I do think I slept with my head under the covers for the next couple of nights.

But looking back on it, I realize that I didn’t worry about it anymore. I don’t think I ever seriously thought about an angel again, ever. They were not really there, and I knew it as surely as I knew anything.

Accept the Result

But I do have to leave you with a caveat.

Once, a new son-in-law went to his father-in-law’s house with his new wife. The father-in-law was very religious, and wanted to test the young man, about whom he had heard some rumors about his character. He called the young husband into the room, and asked him to swear upon the holy book that he was of upright character.

The young man looked at the book, and asked what would happen to him if he didn’t speak the truth. The father-in-law, trembling with righteousness, averred that immediate death would certainly be the outcome.

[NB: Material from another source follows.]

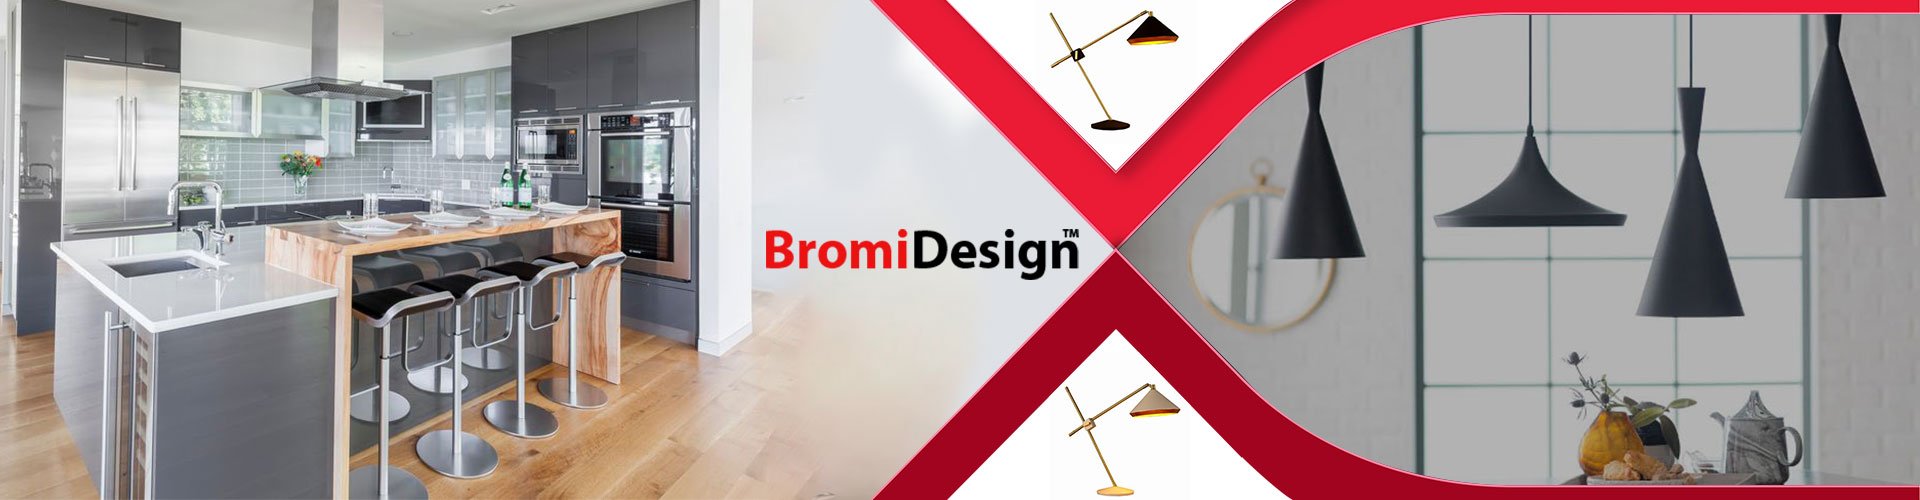 Bromi Design: Premier Furniture & Lighting Brand - GwG Outlet
– GWG Outlet

Drawing a deep breath, and casting a smile towards his wife, the young man solemnly placed his hand on the holy book and intoned that, “before God, I swear that I am a duck, and may God strike me dead here and now if this is not the truth.” The wife gasped.

The young husband looked at the father-in-law, who was looking at the holy book. Everyone was silent. Then, slowly the father-in-law raised his eyes towards the young husband. They looked each other in the eye. The father-in-law leaned back, with a look of awe on his face and said “I never knew you were a duck!”